# Christchurch Advice



## Higgy1987 (Jan 5, 2014)

I'm a painter and decorator and have been in contact with skills in demand in New Zealand. Looking at coming over to Christchurch to work and need some advice. Is there really a lot of work for a painter and what kind of wage can I expect?


----------



## angela louise (Jan 20, 2014)

Hi, yes there is lots of work for you. look on trade me. You will prob get on average $25ph


----------



## Mark D (Dec 9, 2012)

Depending what skills you have there is work. Brush hands get $20ph good tradesman $25 and a foreman like me $28-30ph a van and a cell. Where are you from and who have you worked with if you wish to pm me I can assist you.


----------



## Higgy1987 (Jan 5, 2014)

Mark D said:


> Depending what skills you have there is work. Brush hands get $20ph good tradesman $25 and a foreman like me $28-30ph a van and a cell.

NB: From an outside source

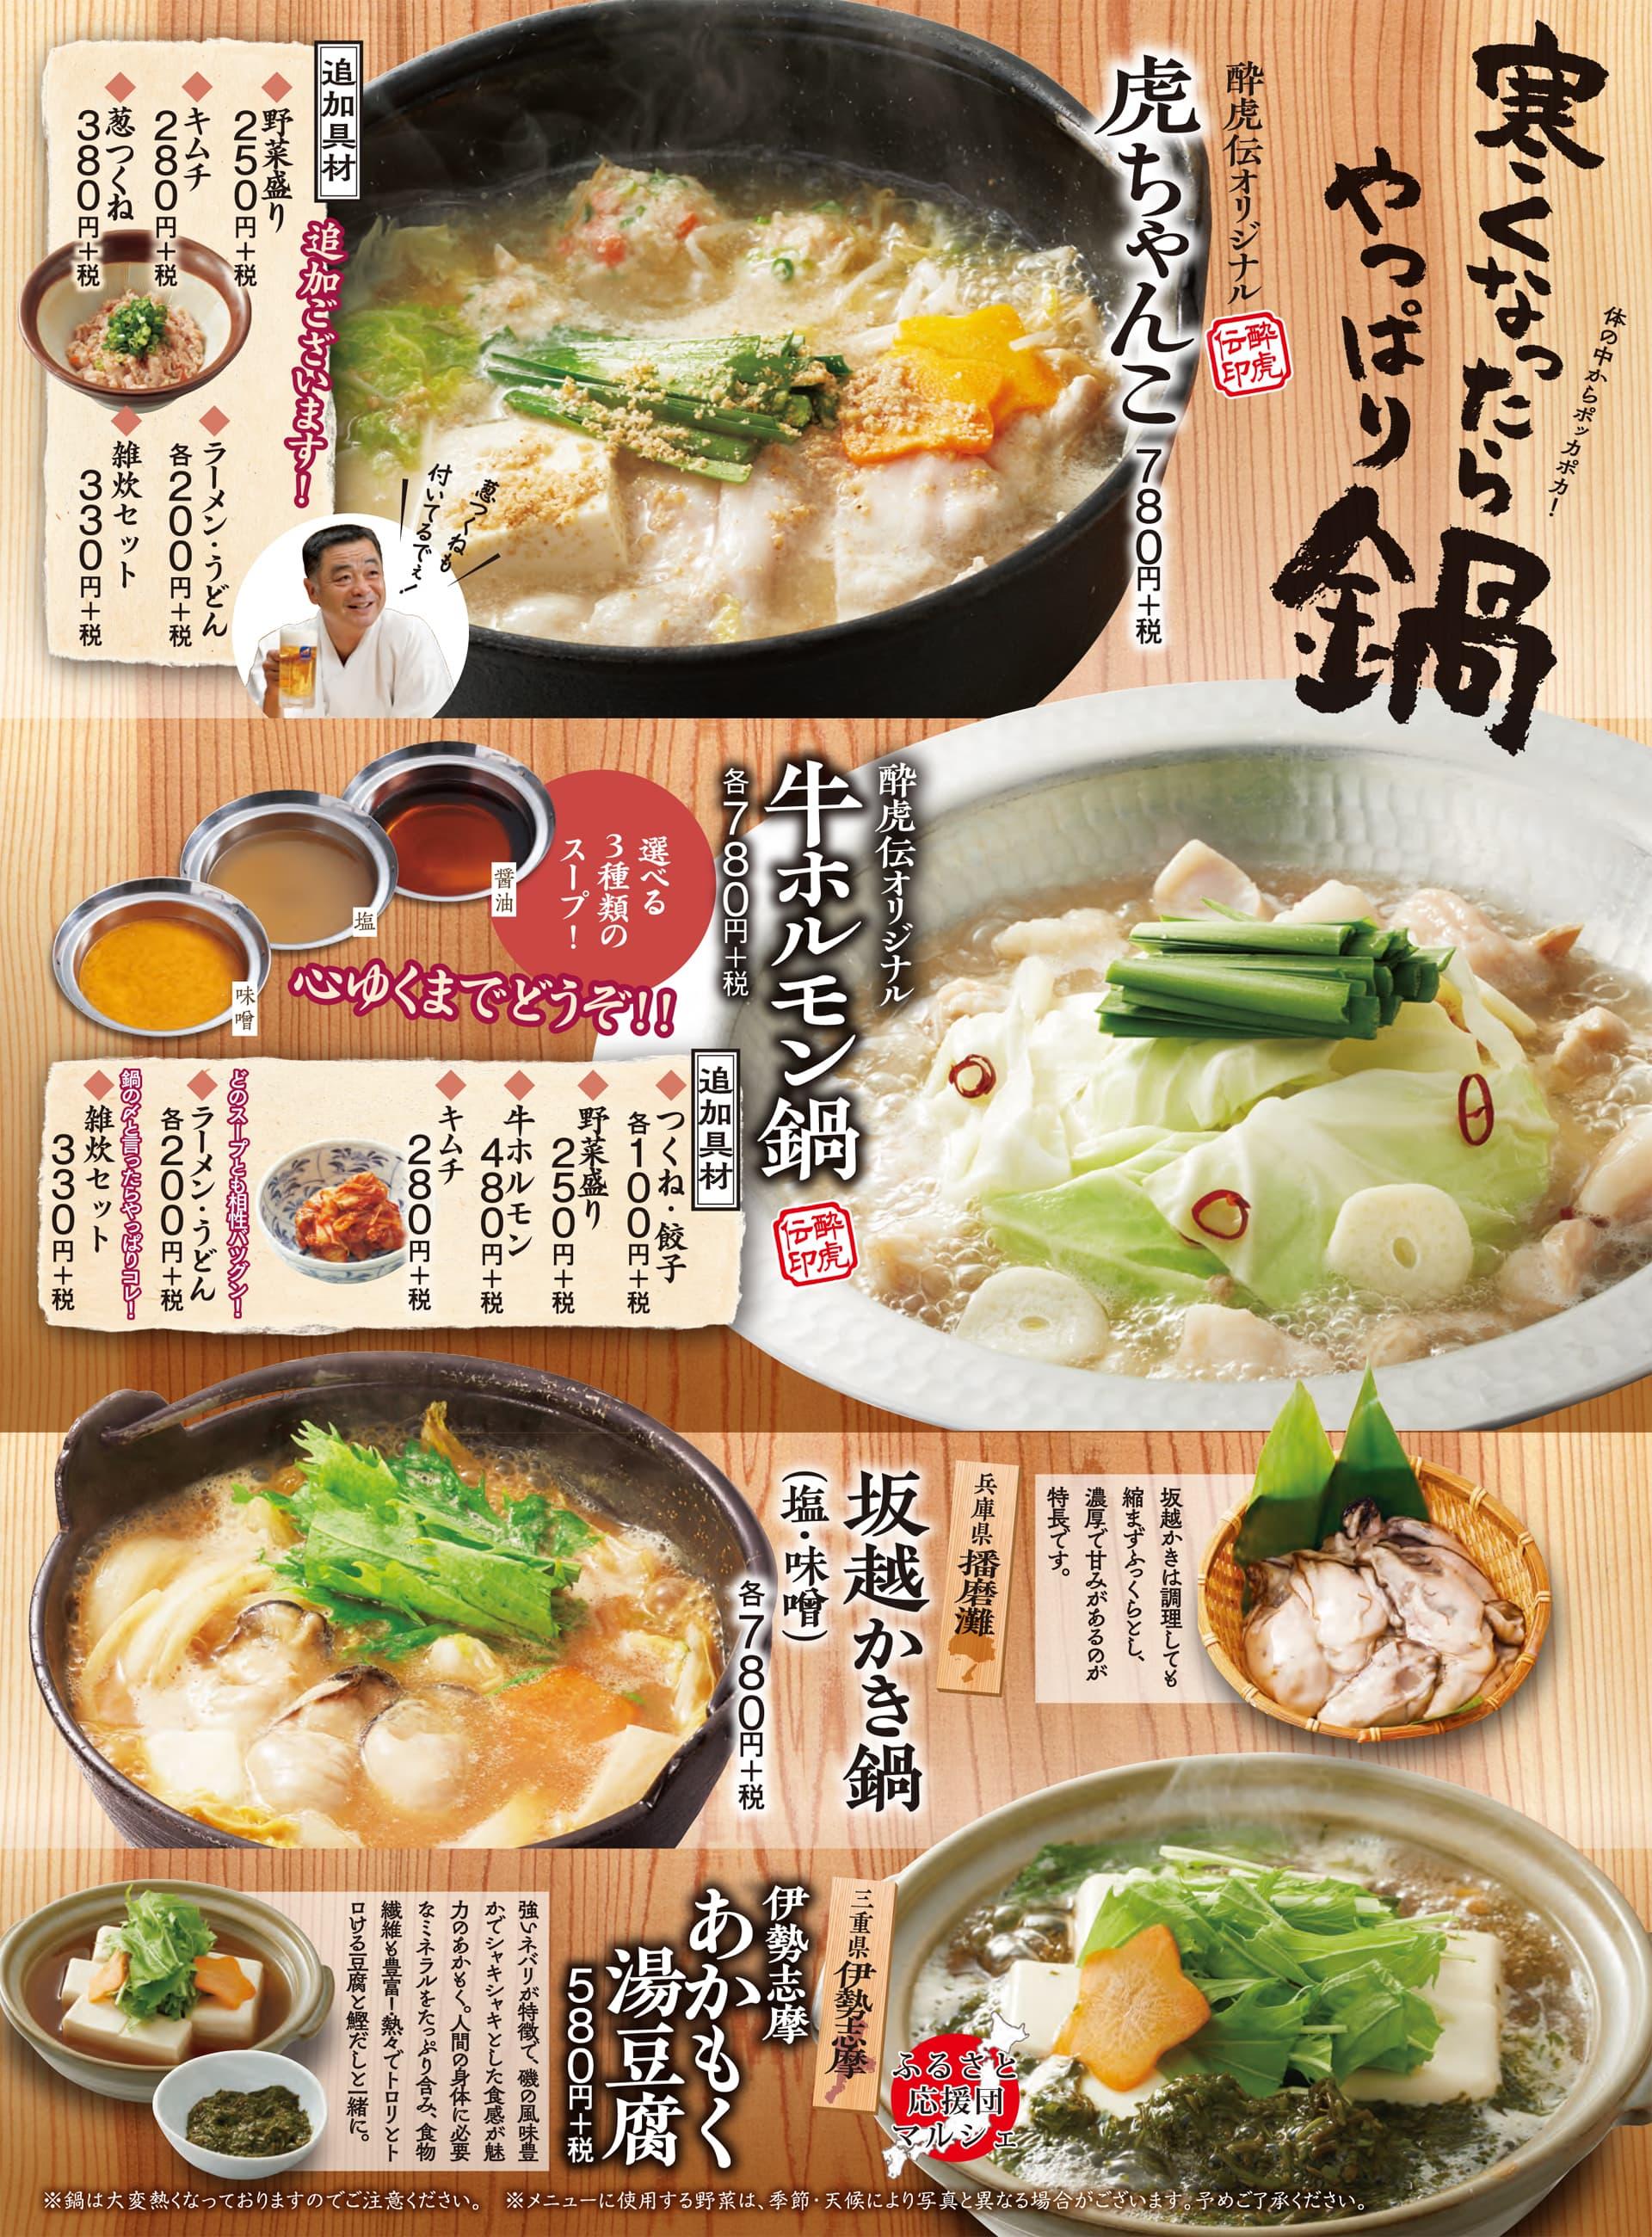 酔虎伝 鍋

Where are you from and who have you worked with if you wish to pm me I can assist you.


Hey Mark,

I've tried to PM you but for some reason I can't. I have 9 years experience 5 of which have been fully time served. I worked for Rolland Decorators in Edinburgh who put me through my apprenticeship. I have all my certificates from my apprenticeship available to send. Also worked for Dobie &sons in Edinburgh


----------



## escapedtonz (Apr 6, 2012)

Higgy1987 said:


> Hey Mark, I've tried to PM you but for some reason I can't. I have 9 years experience 5 of which have been fully time served. I worked for Rolland Decorators in Edinburgh who put me through my apprenticeship. I have all my certificates from my apprenticeship available to send. Also worked for Dobie &sons in Edinburgh


You won't be able to send a PM until you have posted 5 times in the forum.


----------



## Mark D (Dec 9, 2012)

Google AWF trades and email Kurt reed. Give my name mark docherty he can put you right. Loads of work down here. I worked in Edinburgh can't stand the place lol. Hope your not a jam tart but your still welcome down here.


----------



## Higgy1987 (Jan 5, 2014)

Mark D said:


> Google AWF trades and email Kurt reed. Give my name mark docherty he can put you right. Loads of work down here. I worked in Edinburgh can't stand the place lol. Hope your not a jam tart but your still welcome down here.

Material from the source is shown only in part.